海に生きる全3本

私たち人間は海と深いかかわりをもってくらしてきました。人間は、海とどのように向き合いながら、生活していくべきなのでしょうか。

海を汚すのも人間、海を救うのも人間

例えば、地球には海が存在したからこそ、私たち人間も生まれることができました。生物は、海と深いつながりをもって生きているのです。ところが、人間たちは自らのエゴで、豊かさや便利さを追い求めるあまり、海を汚し、環境を破壊してきました。今こそ、手遅れになる前に何とかして海を救いたい、そう思うのもまた人間です。海を知り、海が抱えている問題を、私たちは考える必要があります。

魚を取り尽くす漁業技術の発達

例えば、海の魚たちは無限に獲れるわけではありません。
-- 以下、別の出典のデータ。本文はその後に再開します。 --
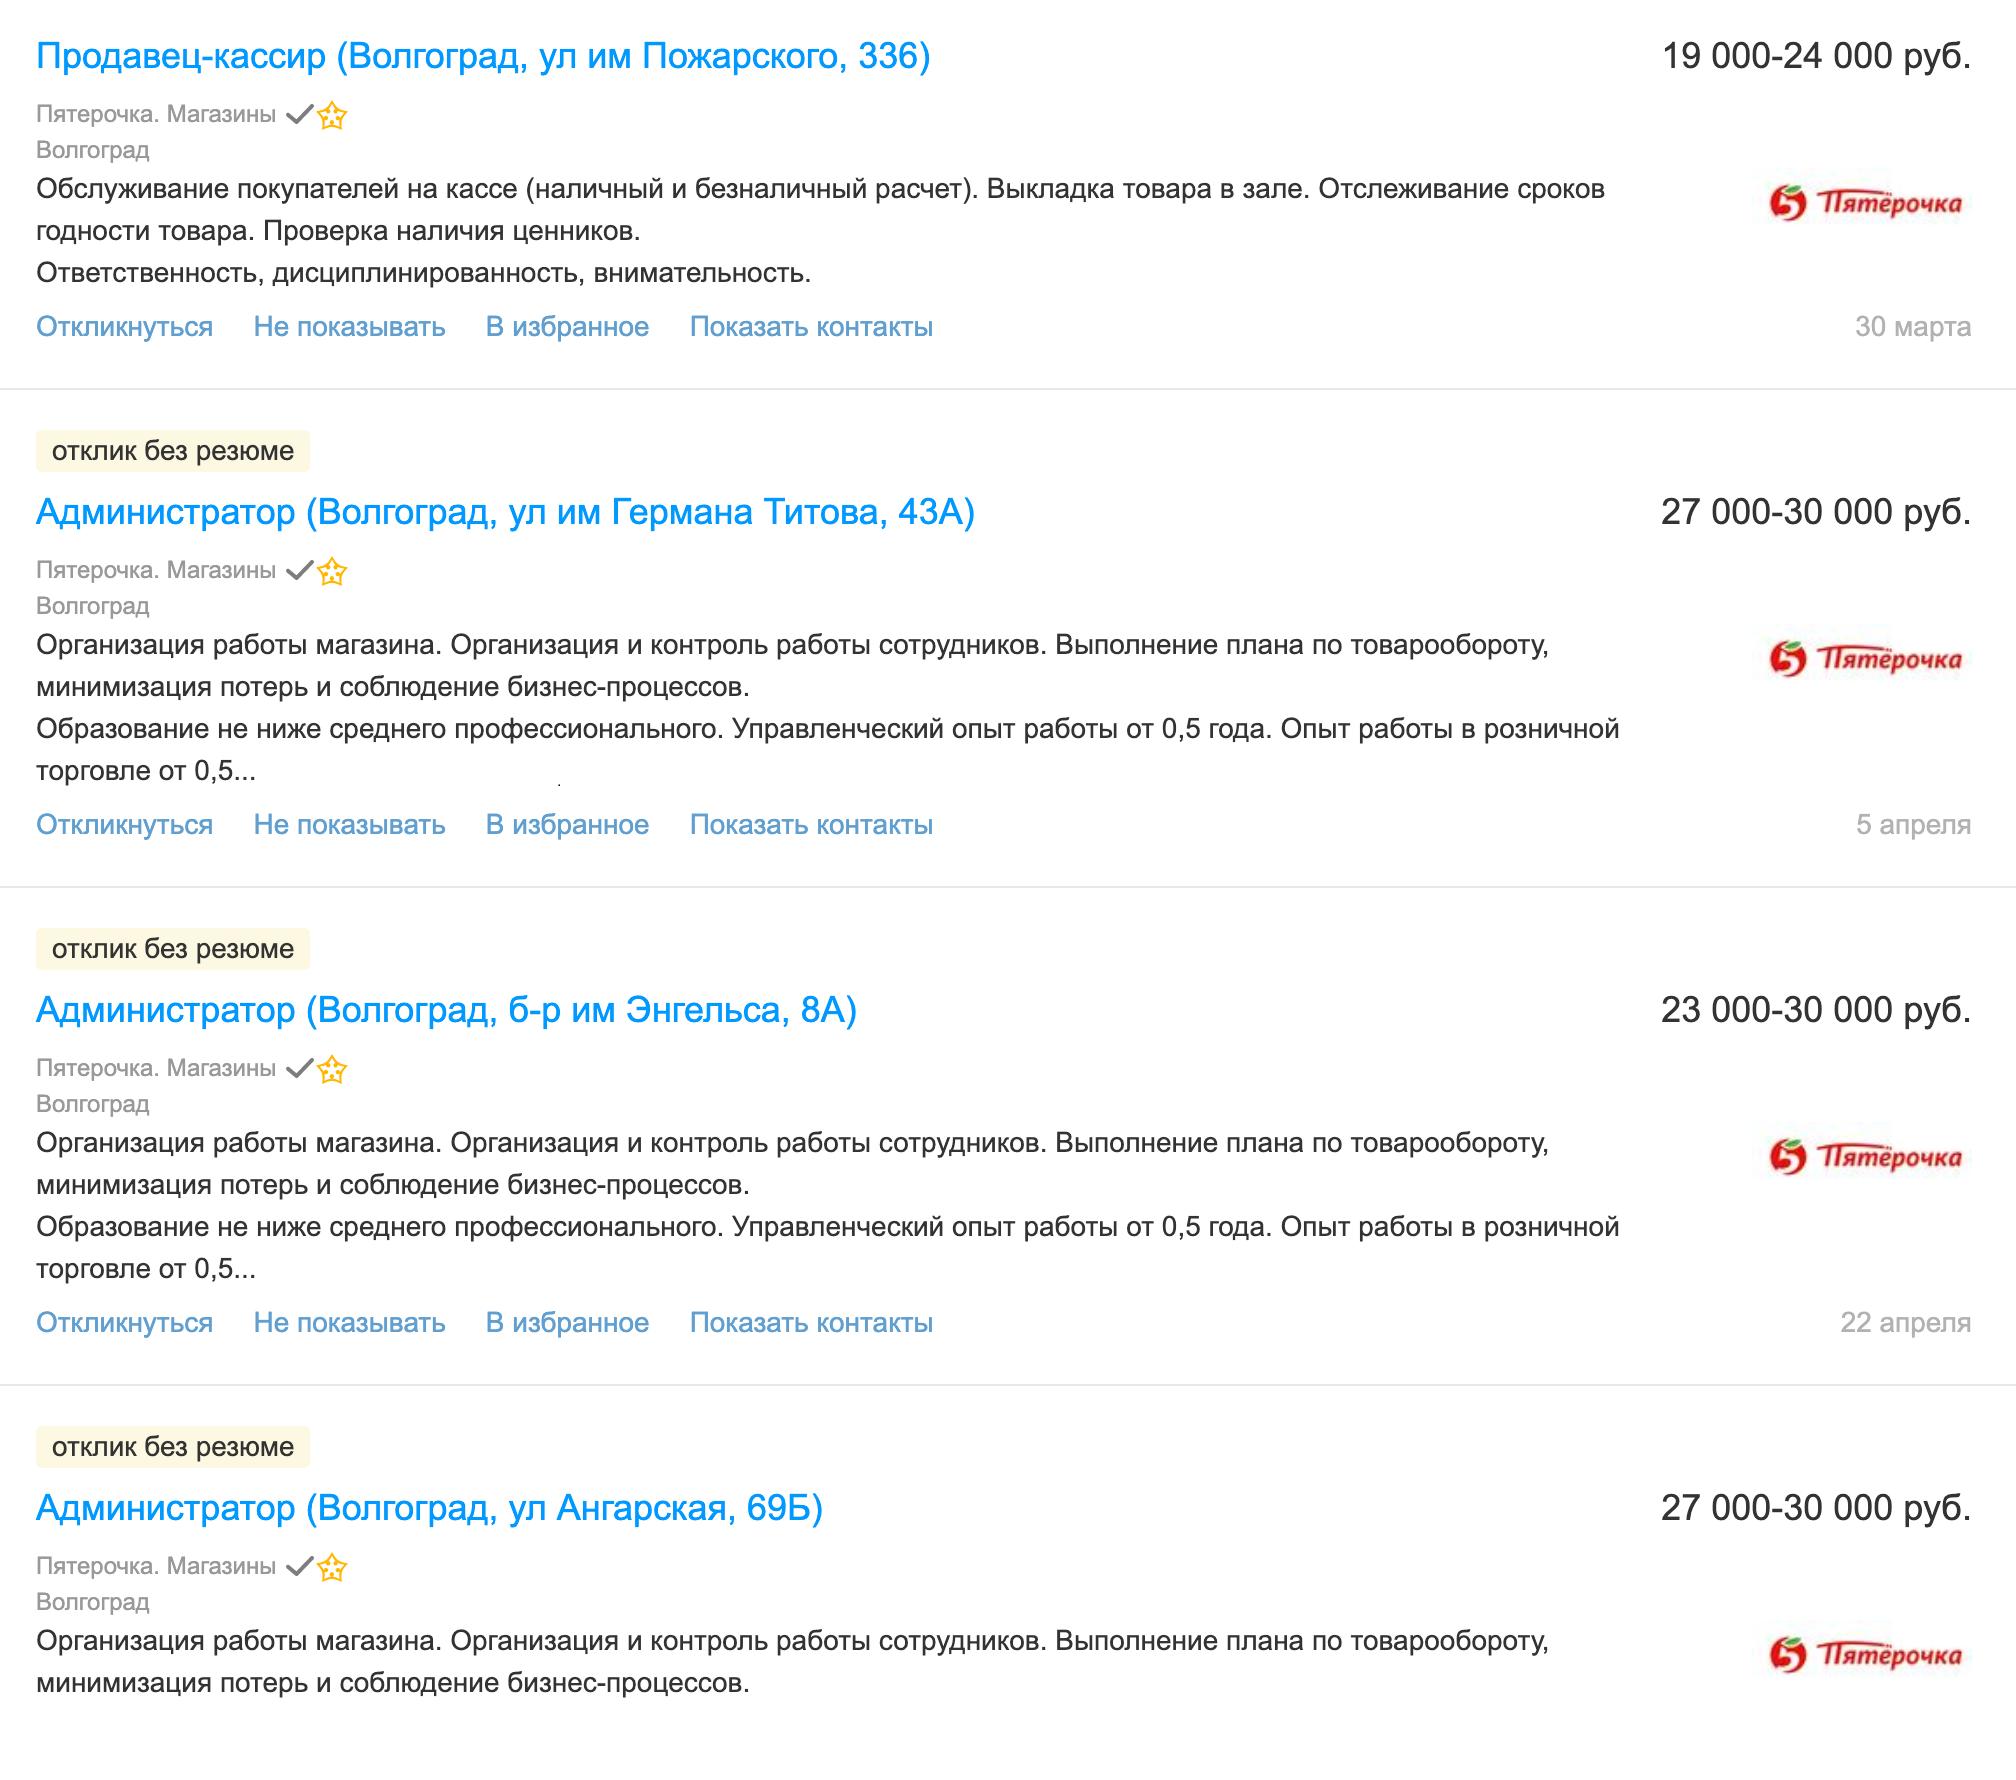 Продавцы-кассиры в «Пятерочке», судя по предложениям на hh.ru, получают до 25 тысяч, администраторы магазинов — до 30

漁業技術の発達は、魚を取り尽くしてしまう危険性さえ伴っています。限りある海の幸を、できる限り豊富に、しかし永遠に獲り続けることができるよう、工夫しなければなりません。理想的な漁法は、魚や海の立場をもって、想像する必要があります。

もっと本能的な「自然とのつながり」を求める感覚

例えば、私たちは、海が抱える「問題」に直面しています。海の環境の悪化や地球温暖化といった現実は、利益の喪失や、商品の不足、被災による損害などを引き起こし、「問題」とみなされます。しかし、さらにこの「問題」を紐解く中で、もっと本能的な、「自然とのつながり」を求める感覚があるのではないでしょうか。それは、「自分たちが生きていくために必要なもの以上は獲らない」という方法を守ることです。そして、私たちは海から恵まれるだけでなく、与えることも、求められているのです。

海を活用し、海と共生する

海に囲まれた島国・日本は、いつの間にか、海から遠く離れた生活に慣れ親しんでいるようです。しかし日本人は、21世紀のエネルギー社会を見据えて、新たに、環境、食糧など、幅広い分野で海の力を活用する必要がでてきました。今後は、水産資源や鉱物などを一方的に奪い取るのではなく、海と共に生き、互いに支えあうことを強く意識する必要があるのです。